Some good counters here for the right wing’s race baiting.
Republican presidential nominee Donald Trump, running a hysterical law-and-order campaign, will likely point to a rare fact to bolster his case. Other conservatives, who since last year have blamed urban bloodshed and the murders of police officers on Black Lives Matter, will no doubt claim vindication. But reporters shouldn’t let anyone get away with such quick inferences. The overall murder rate is still way down from the worst years of the early 1990s, and the current spike is being driven by a small number of cities.
A recent New York Times analysis found that the murder rate rose sharply in 25 of the nation’s 100 largest cities, confirming a trend identified in a June report for the National Institute of Justice conducted by criminologist Richard Rosenfeld. Experts estimate that the FBI will report a nationwide increase of between 6 percent and 13 percent, according to Beckett. Numbers, however, don’t speak for themselves.
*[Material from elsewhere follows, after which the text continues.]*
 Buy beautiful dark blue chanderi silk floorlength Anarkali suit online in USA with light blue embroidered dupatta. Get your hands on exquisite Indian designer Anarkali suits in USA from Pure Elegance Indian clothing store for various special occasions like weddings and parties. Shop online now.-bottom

Many conservatives have been peddling a theory known as the “Ferguson effect,” which posits that Black Lives Matter protests are causing the police to pull back from doing their jobs, leading to increased crime. Such commentators and some credulous reporters will claim that this data proves their case. But the Ferguson effect theory, aimed at delegitimizing the movement against police violence, remains as unsubstantiated and implausible as ever. What follows is a handy guide for fighting politically motivated disinformation in the weeks and months to come.
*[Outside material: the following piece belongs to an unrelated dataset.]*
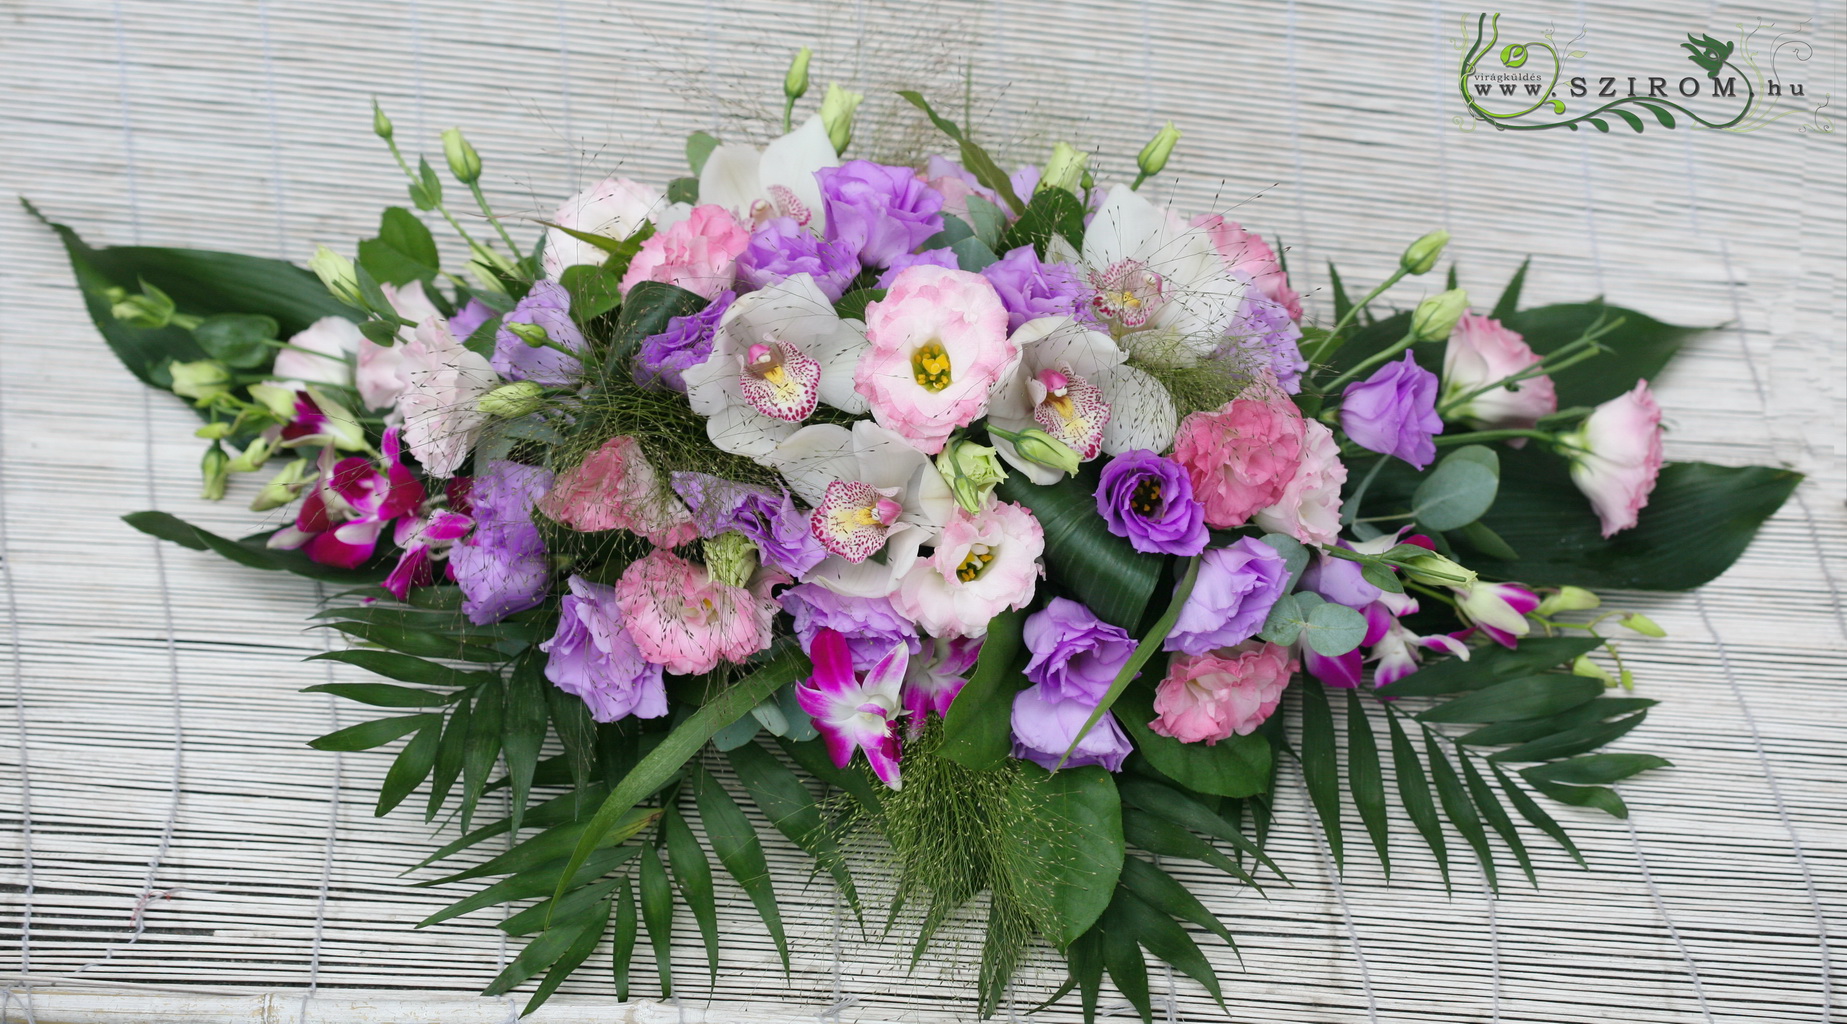 flower delivery Budapest - Corner car flower arrangement with lisianthus and orchids (purple, pink, white)

The Ferguson effect doesn’t make any sense
The Ferguson effect theory, as I wrote in June, doesn’t make sense because it lacks a plausible causal theory as to how so-called de-policing (to the extent that it has taken place) leads to more people shooting one another to death. Much gun violence is the result of personal and intergroup disputes, and purveyors of the theory don’t explain how decreased police enforcement would lead to more shooting. Notably, gun seizures — which criminologist David Kennedy called “the one kind of day-to-day policing that one might expect would have the most direct impact on homicide and gun violence” — have been high in Baltimore and Chicago, two of the bloodiest cities.
In regard to a causal mechanism, Kennedy told me, “none of the people claiming there is a Ferguson effect have any idea” what it might be. “Most of the people behind that have essentially said, ‘Violence is up. People are mad at the police. Therefore people being mad at the police is driving violence up,’ and then left people to challenge them about why that might make sense.”
Kennedy, director of John Jay College of Criminal Justice’s National Network for Safe Communities and a leading gun violence expert, added, “But there isn’t much of a story, and there’s certainly next to nothing in terms of real facts or analysis that says, ‘This is what’s going on in the streets, and these are the ways it’s leading to increased violence.’ It’s really not an analysis. It’s more a position.”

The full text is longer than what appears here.